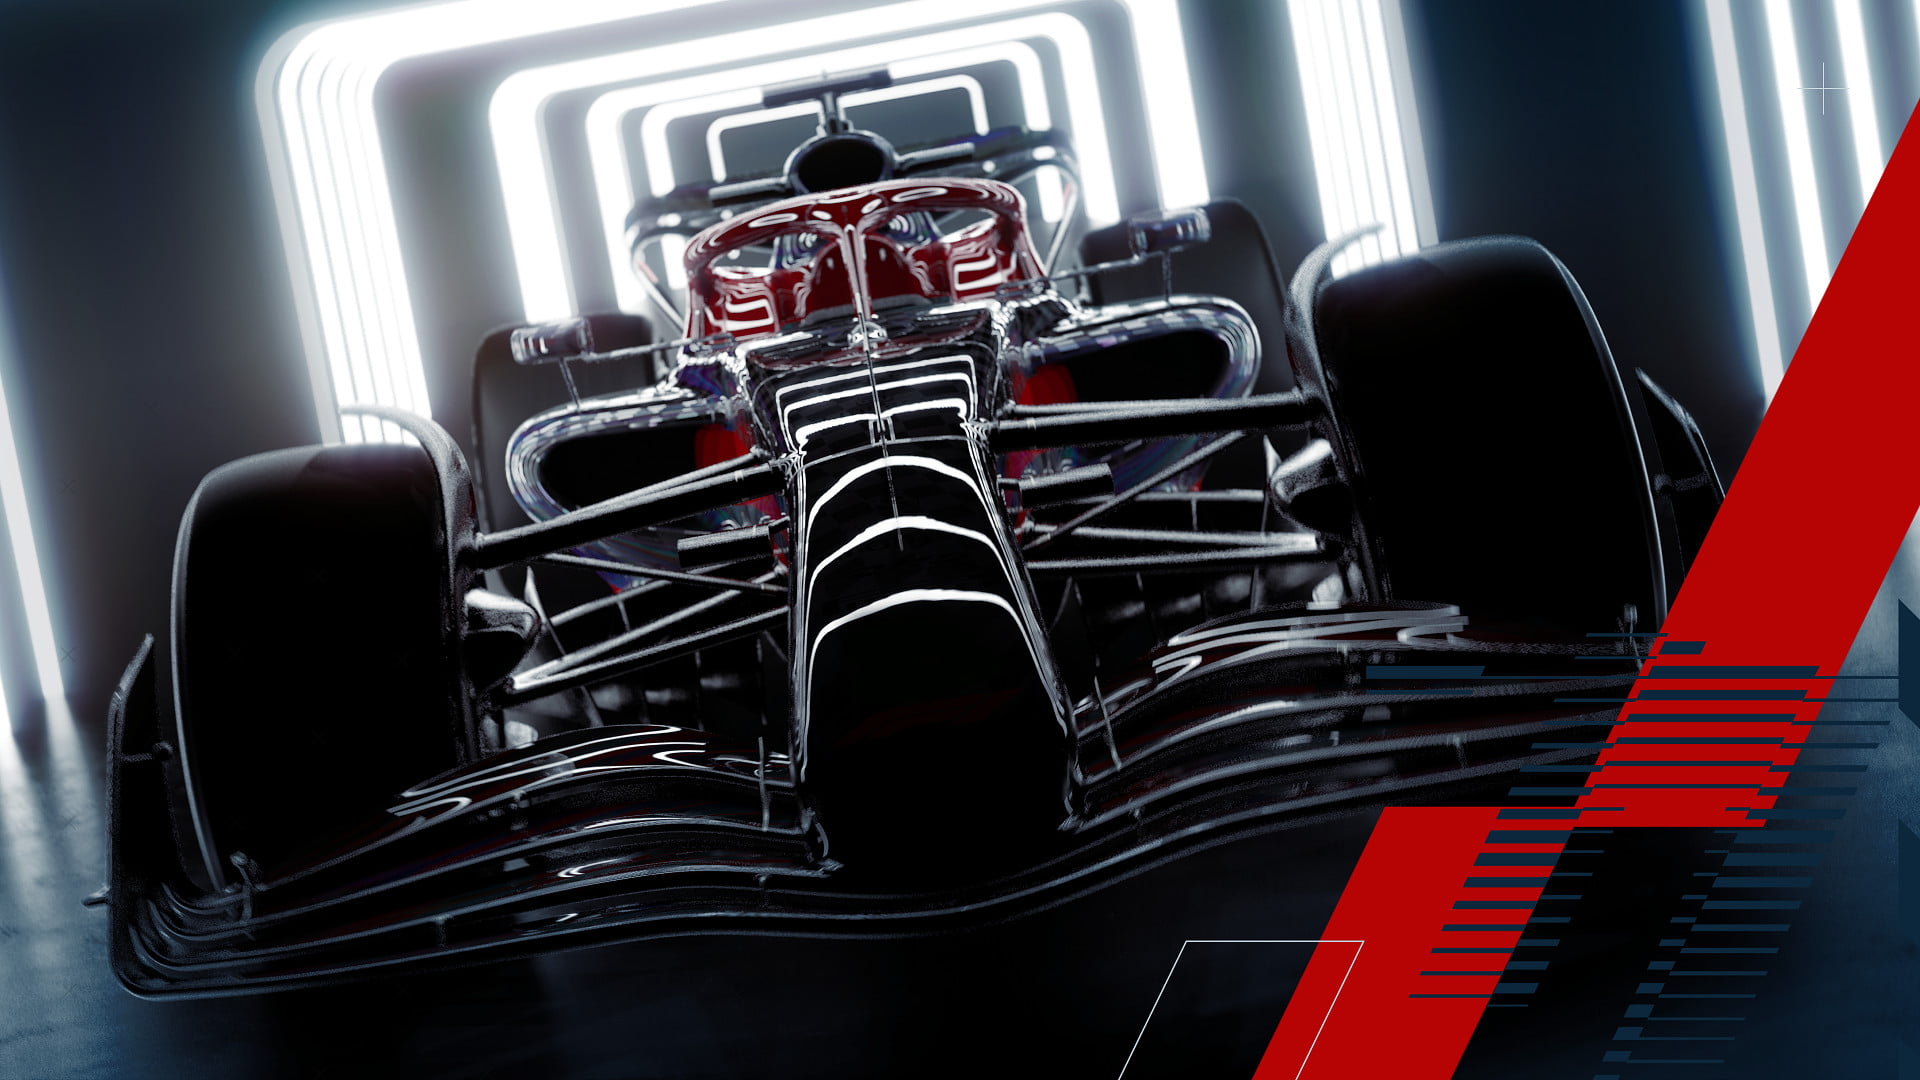 F1 2022 races to the PC with VR support
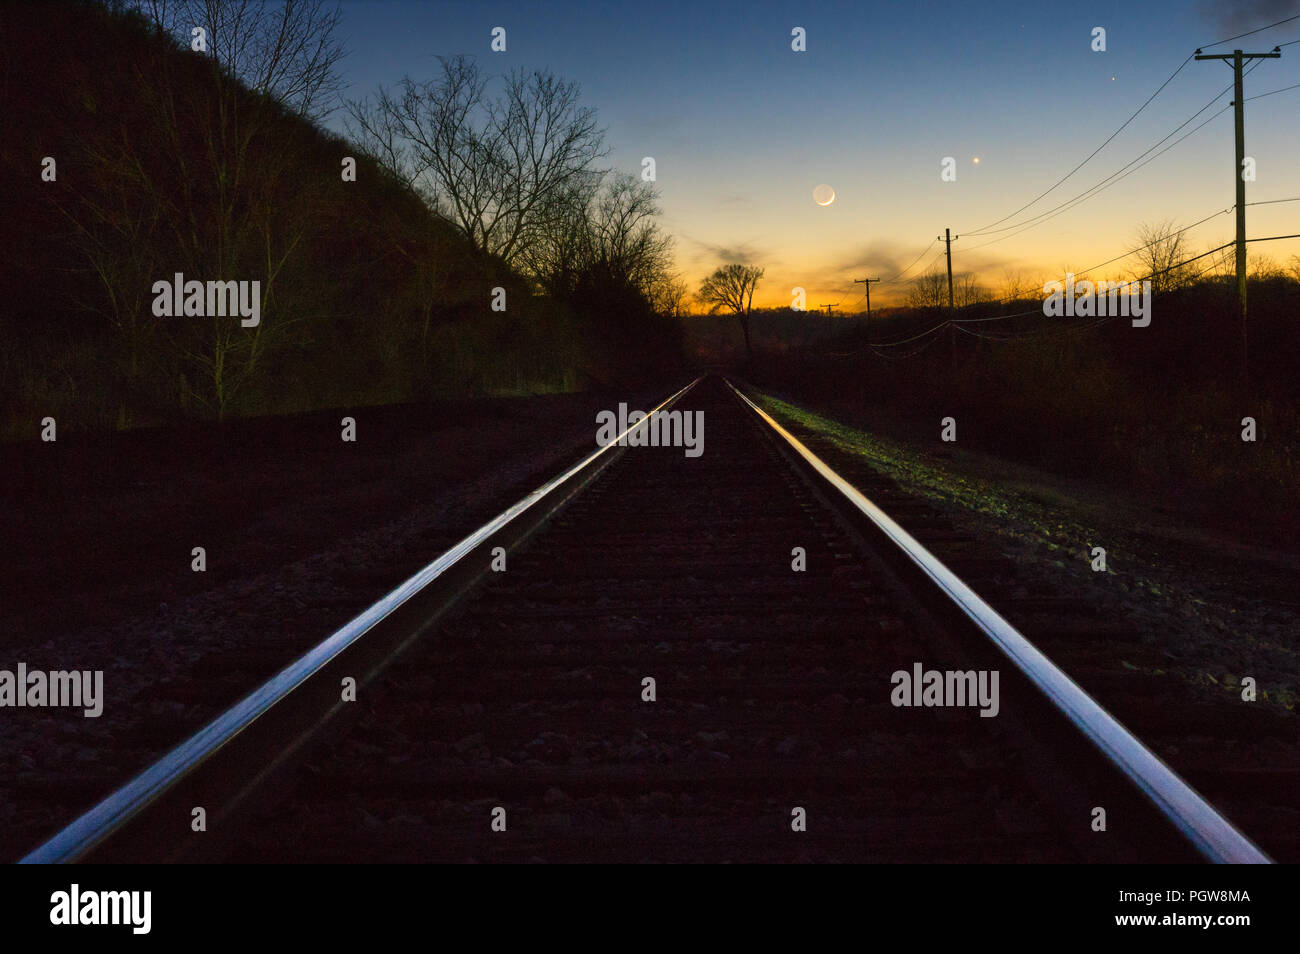 Mercury, Venus, and a waxing crescent moon line the evening sky above the setting sun and a set of railroad tracks. Stock Photo
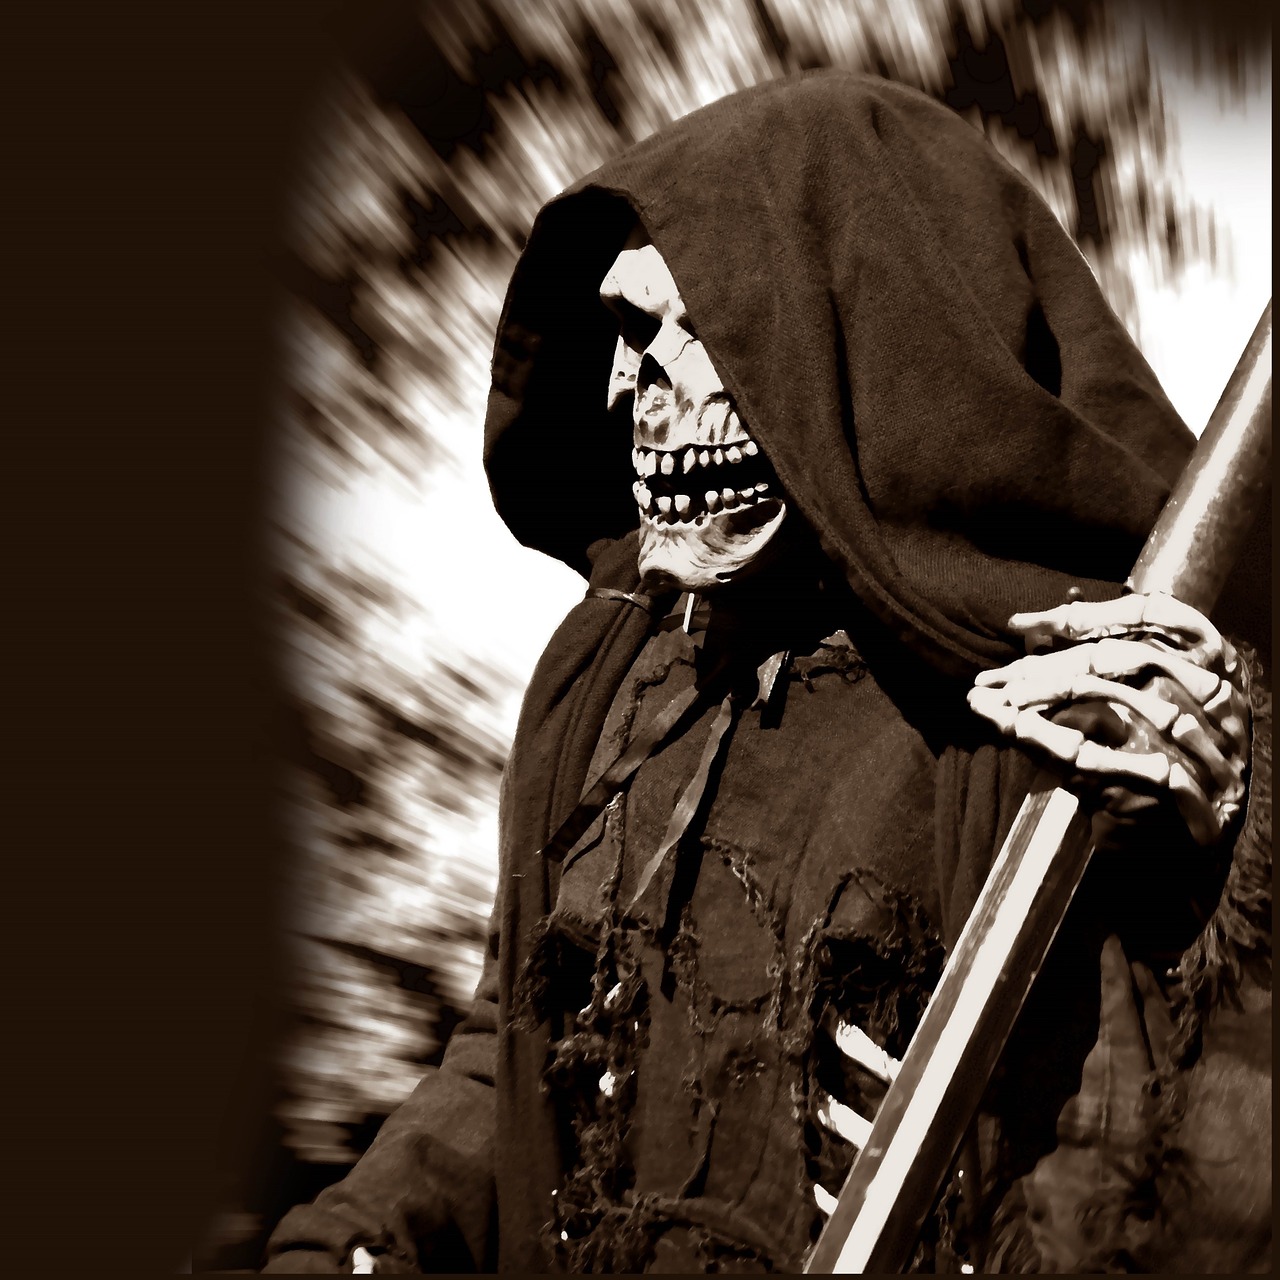 grim reaper the death man with the scythe free photo
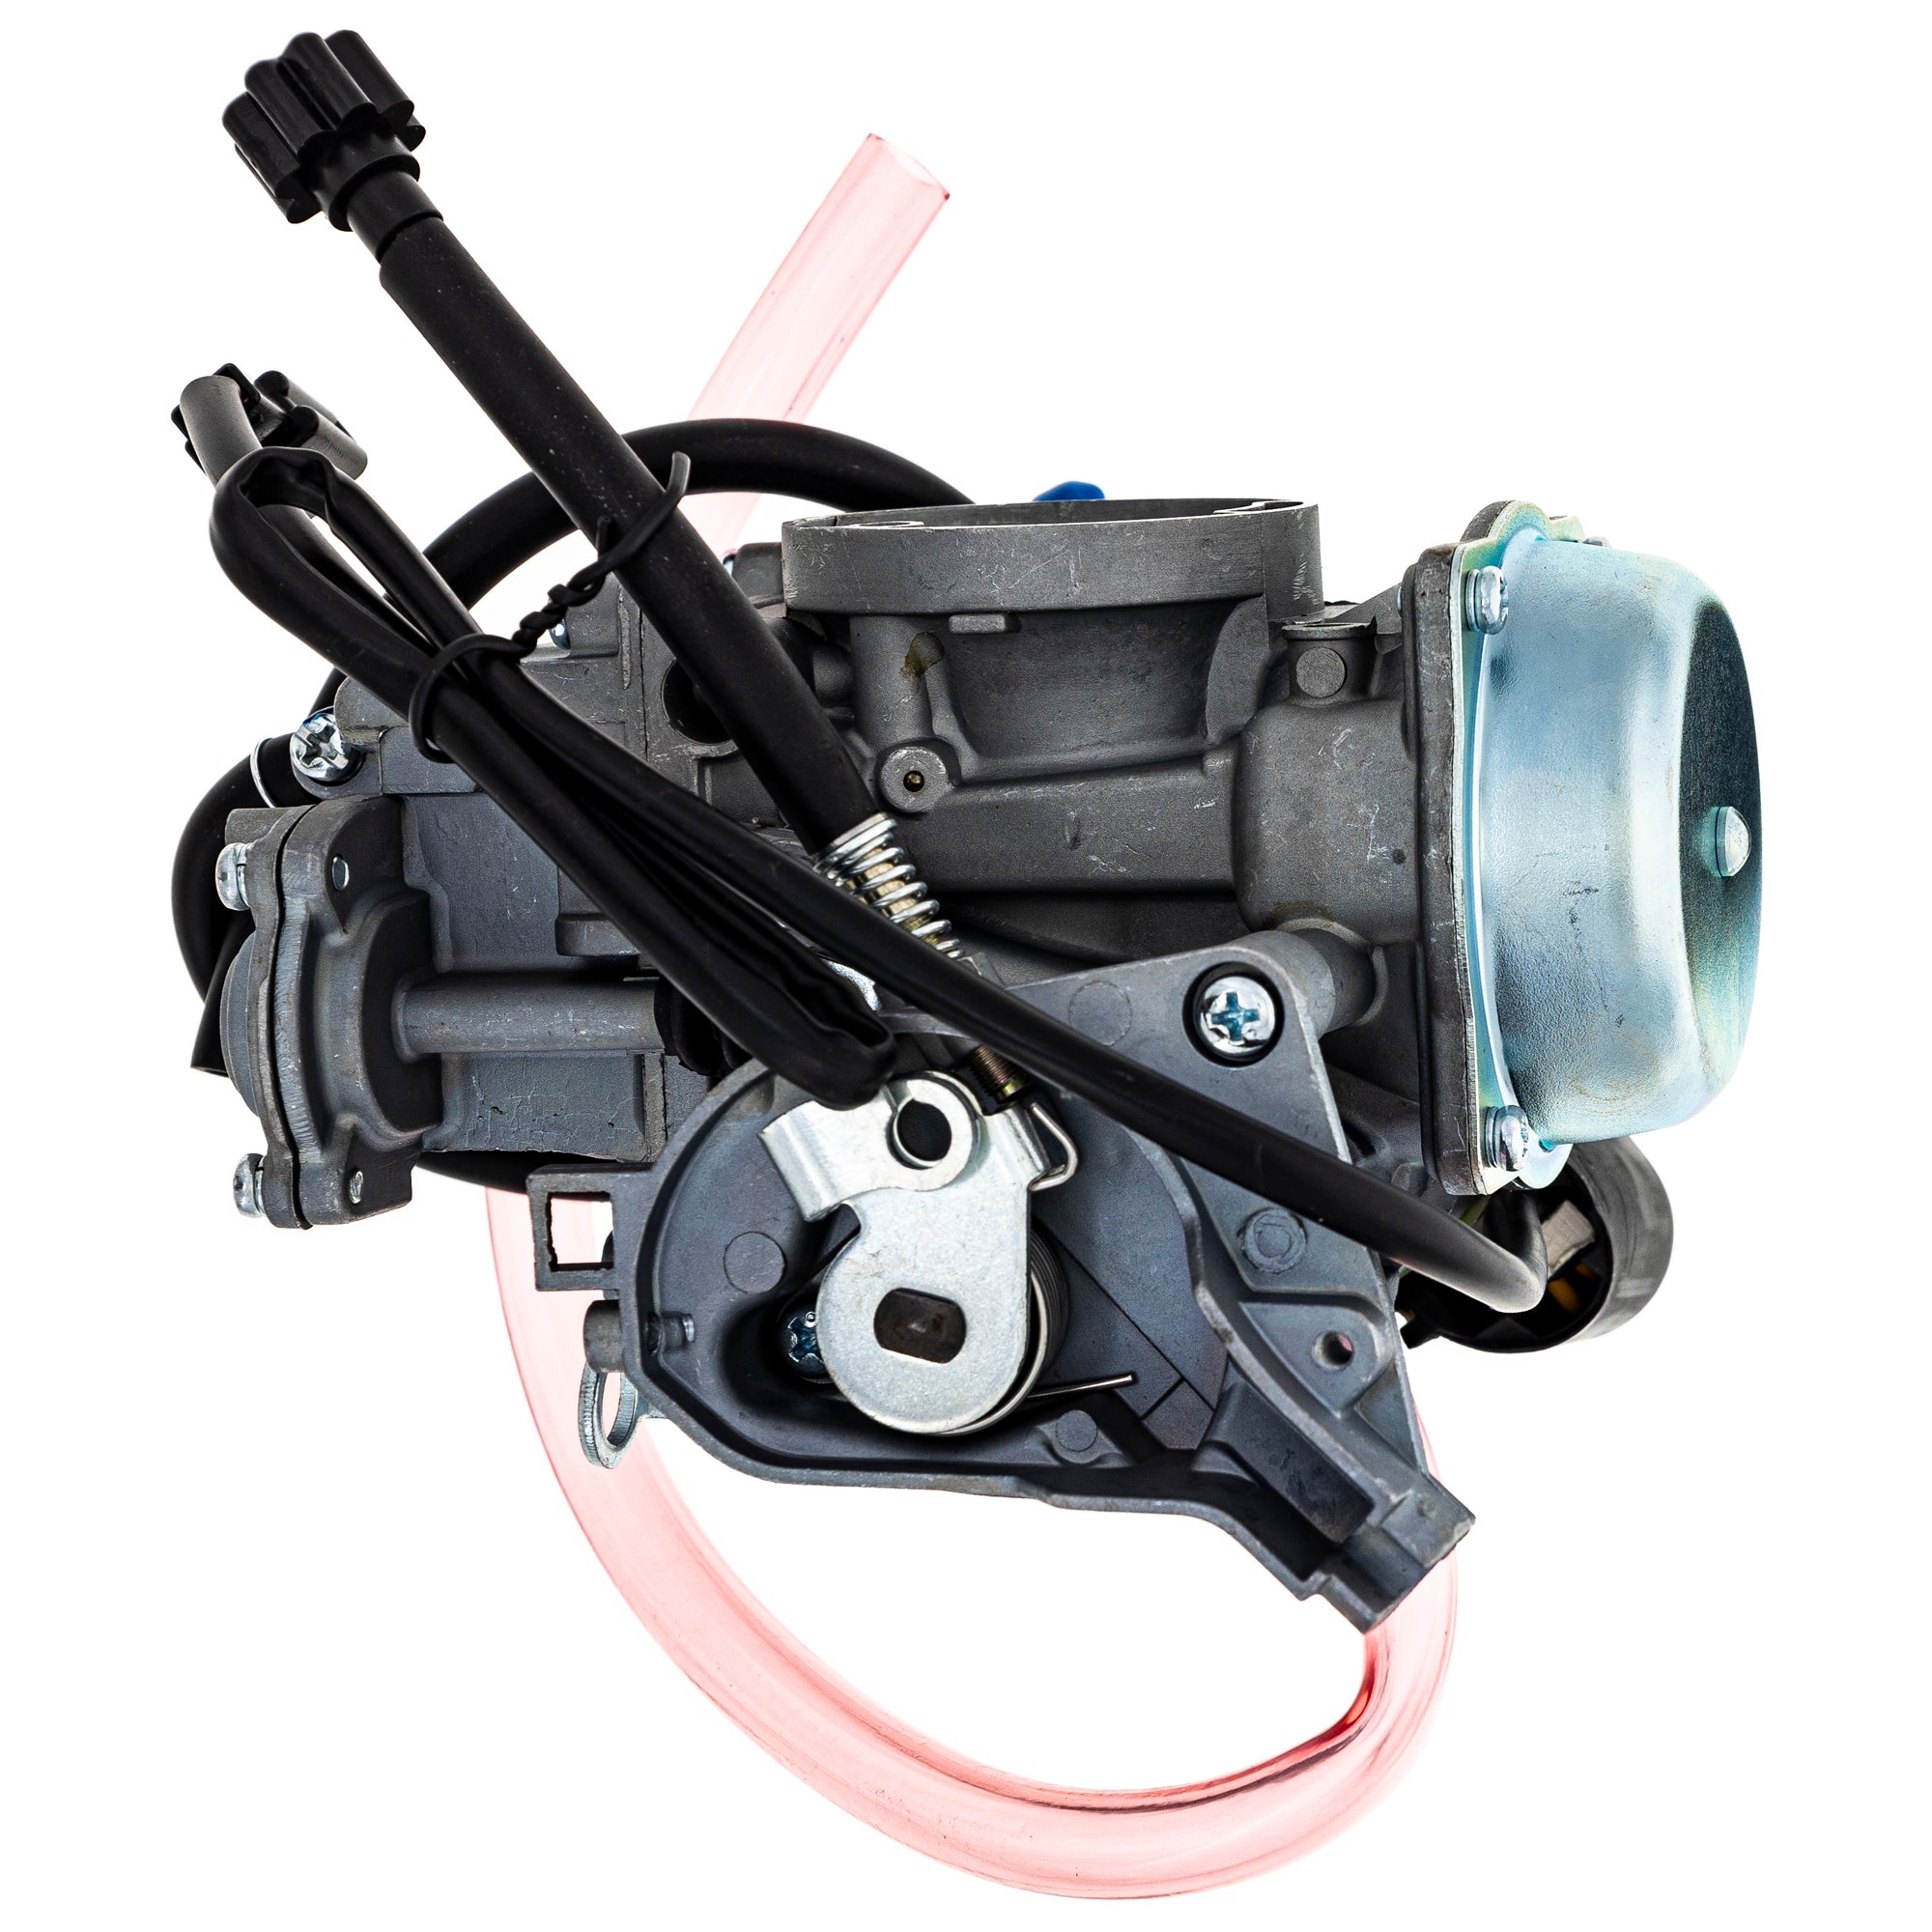 Carburetor Assembly for zOTHER Arctic Cat Textron Cat NICHE 519-KCR2212B

--*--

With the pictures removed, set down every line of the listing above exactly.

 F1 2022 races to the PC with VR support
 Mercury, Venus, and a waxing crescent moon line the evening sky above the setting sun and a set of railroad tracks. Stock Photo
 grim reaper the death man with the scythe free photo
 Carburetor Assembly for zOTHER Arctic Cat Textron Cat NICHE 519-KCR2212B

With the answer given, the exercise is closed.